Perhaps one of the most engaging units in the Medical Ethics course is a 5-week long integrated project titled Project EDDIE, which stands for "Envision, Discover, Design, Invent, and Execute." This might seem like a reach for the study of genetics, but when you consider that students are being asked who and/or what we are trying to "fix" and what it means to be "normal," you can begin to see how the students' knowledge of genetics will surely be challenged. This unit involves an in depth study of human enhancement and disability studies. Students explore disability, ableism, eugenics and transhumanism in the context of emerging human enhancement technologies. The unit's essential question - "What does it mean to design better humans and do we want to?" - is looked at by focusing on the underlying questions related to what it means to be disabled, the meaning of normal, and who should determine what kind of people get to be born. At the heart of the project is the physics component where students actually invent a product for a person with a disability, designed to help that person continue an activity they are passionate about. In preparation for this, students screen the documentary Emmanuel's Gift to investigate the American narrative surrounding how the disabled in third world countries are portrayed, as well as participate in discussions that highlight the disability rights movement, government and citizen responsibility, and the examination of cultural values that in some ways become embedded in assistive technology.
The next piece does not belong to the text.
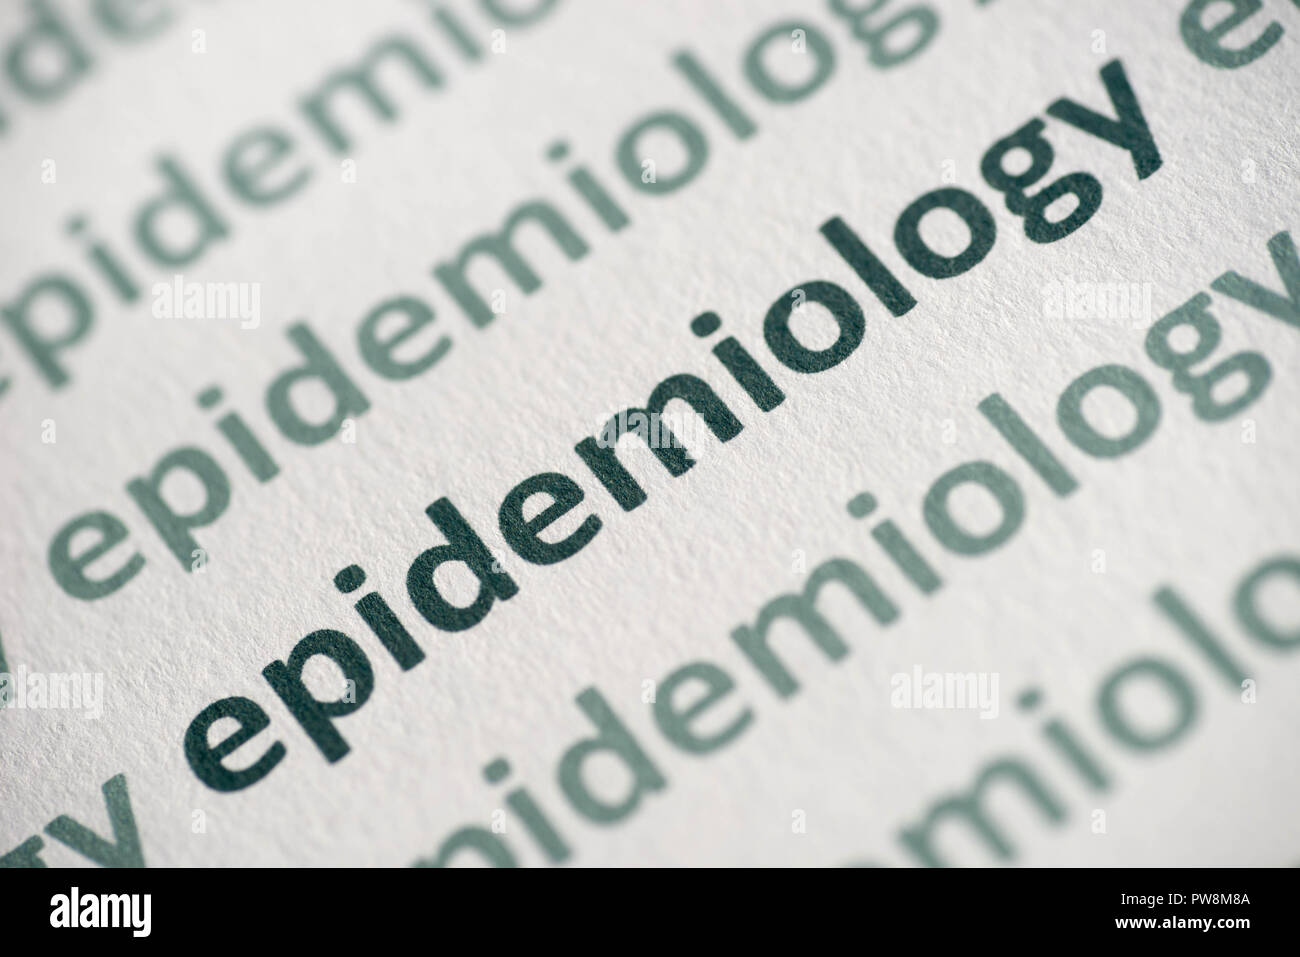 word epidemiology printed on white paper macro Stock Photo

Case studies, articles related to reproductive rights, cultural understandings of "the body," and texts like George Estreich's The Shape of the Eye relating to children with Down's Syndrome, are used to help students evaluate the impact of new technology on humans.

Clearly, the staff at Dozier-Libbey Medical High School feels that high school age students are just the right group of people to expose to the ethical issues associated with the science of genetics. To be sure, high school graduates are charged with entering college with a skill set that includes being able to articulate their opinions, make difficult decisions, and be able to justify those decisions using scientific facts but also ethical considerations. What we are doing at Dozier-Libbey is giving students the necessary tools for their college and career toolbox, but more importantly, we are equipping them with the knowledge they will need in order to become productive citizens who will eventually be able to make informed decisions and in some cases, vote on legislation directly impacting their lives. Teenagers are precisely the right age for asking multitudes of questions. They naturally want to know "why." Even if we do not have them in high school long enough to teach genetics curriculum at an in depth level to answer those questions as they do in college, we are certain they will be prepared and more interested when they do encounter these teachings. So, should we challenge high school students by having them engage in both scientific and ethics related curriculum? You bet.


Stacey Wickware teaches Medical Ethics and AP United States History at Dozier Libbey Medical High School in Antioch, California.